FDR admired Hammond’s decisive rhetoric, though it’s impossible to discern how much Gabriel Over the White House, and by extension Hearst, influenced his policies. Maybe it inspired his Works Progress Administration or his later war policies, or maybe it had no influence whatsoever.
There is at least one key difference between FDR and Hammond. While declaring martial law, Hammond cites Washington, Jefferson, and Lincoln; in his inaugural address, FDR makes no reference to any of these presidents. Hammond’s dictatorship is self-consciously all-American.
As president, Washington led the militias of several states to stop a tax protest in rural Pennsylvania called the Whiskey Rebellion, making him the only sitting president to lead troops into battle (against tax protestors, no less). Jefferson attempted to use the navy to force peace with Barbary Coast pirates, and later invoked executive privilege when he refused to hand over subpoenaed documents to the Supreme Court during the investigation of his own Vice President for treason. During the Civil War, Lincoln pushed a de facto martial law through congress and suspended Habeas corpus for Confederate soldiers. The difference with Hammond is that he does all of these things simultaneously.
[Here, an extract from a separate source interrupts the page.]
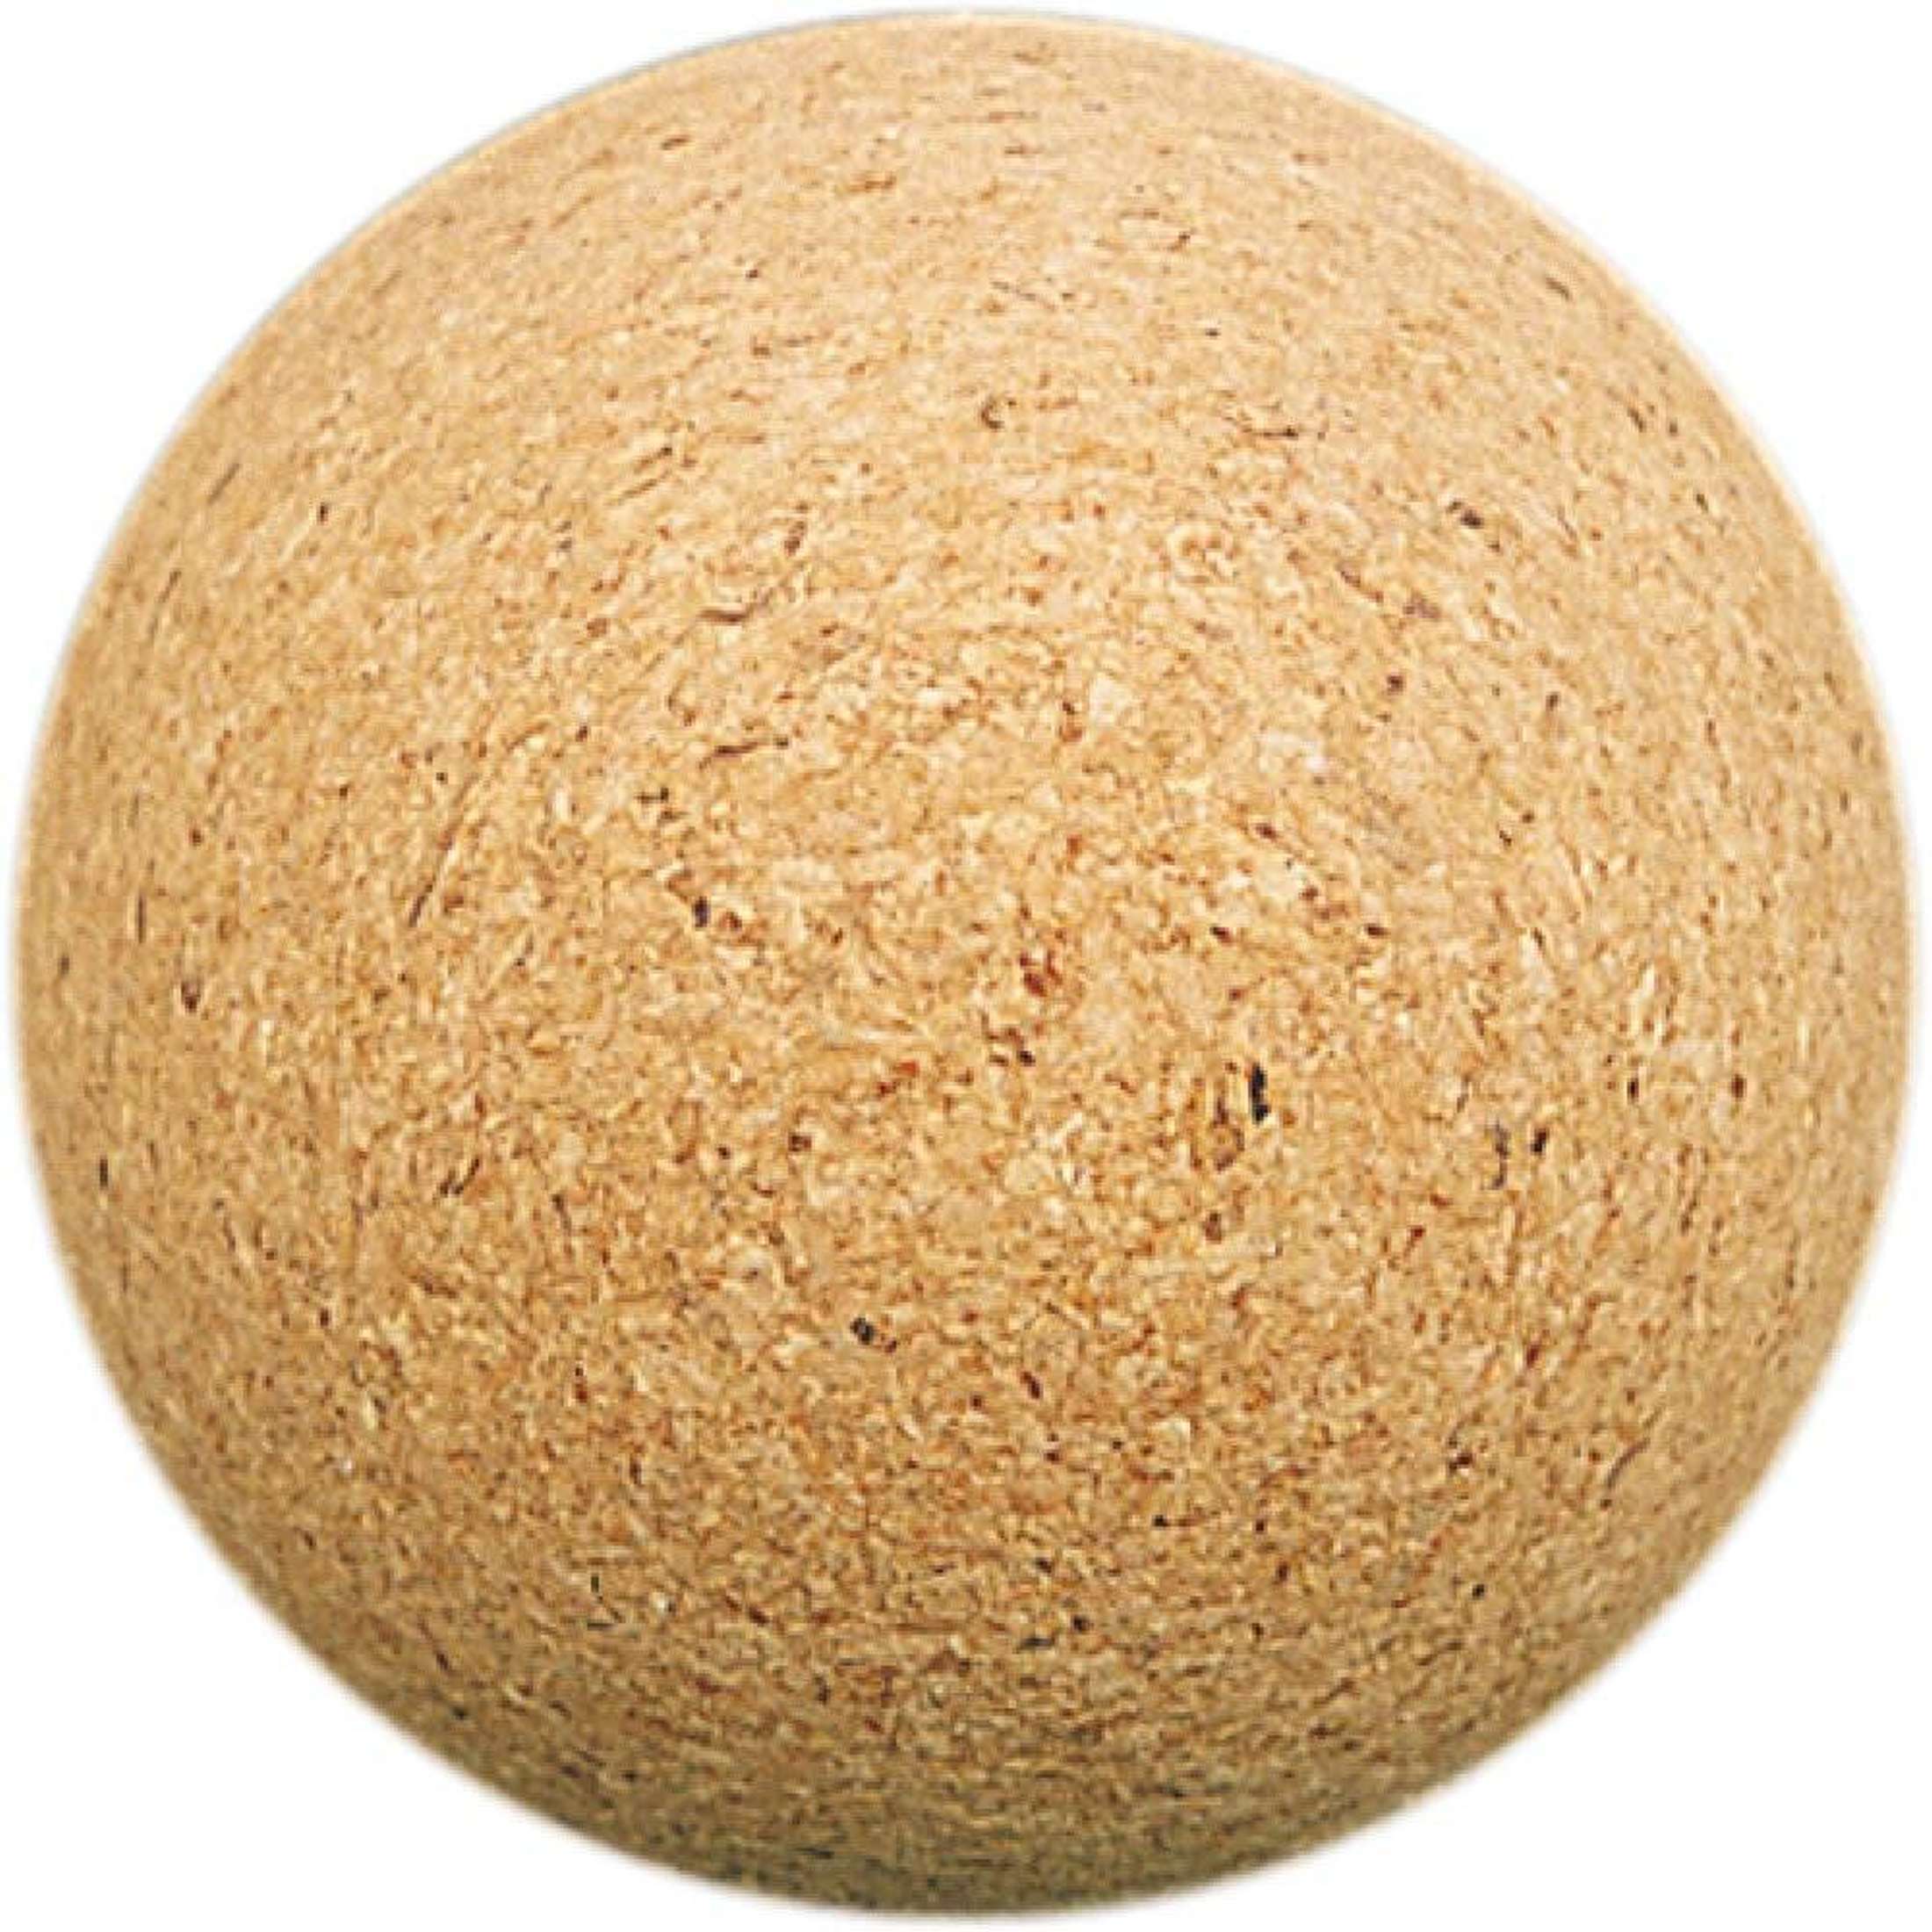 Cork kicker ball, diameter 35mm-1

The underlying assertion of Gabriel Over the White House is that an American totalitarian does not need to import an ideological foundation from abroad. The seeds are already sown in a long chain of temporary American totalitarianisms in which presidents responded to crises with extralegal overreach. Hammond’s presidency is a Frankenstein’s monster of cobbled together, home-grown authoritarianism. An American totalitarian will not look like Mussolini, Stalin, or Hitler, but will instead look just like Hammond: very American, and very familiar.
Carmichael, Deborah. “Gabriel Over the White House (1933).” Hollywood’s White House, ed. Peter C. Rollins & John E. O’Connor. University of Kentucky Press, 2003, pp. 159-179.
Gabriel Over the White House. Directed by Gregory La Cava, MGM, 1933.
Shindler, Colin. Hollywood in Crisis. Routledge, 1996.
Terkel, Studs. Hard Times. Pantheon Books, 1986.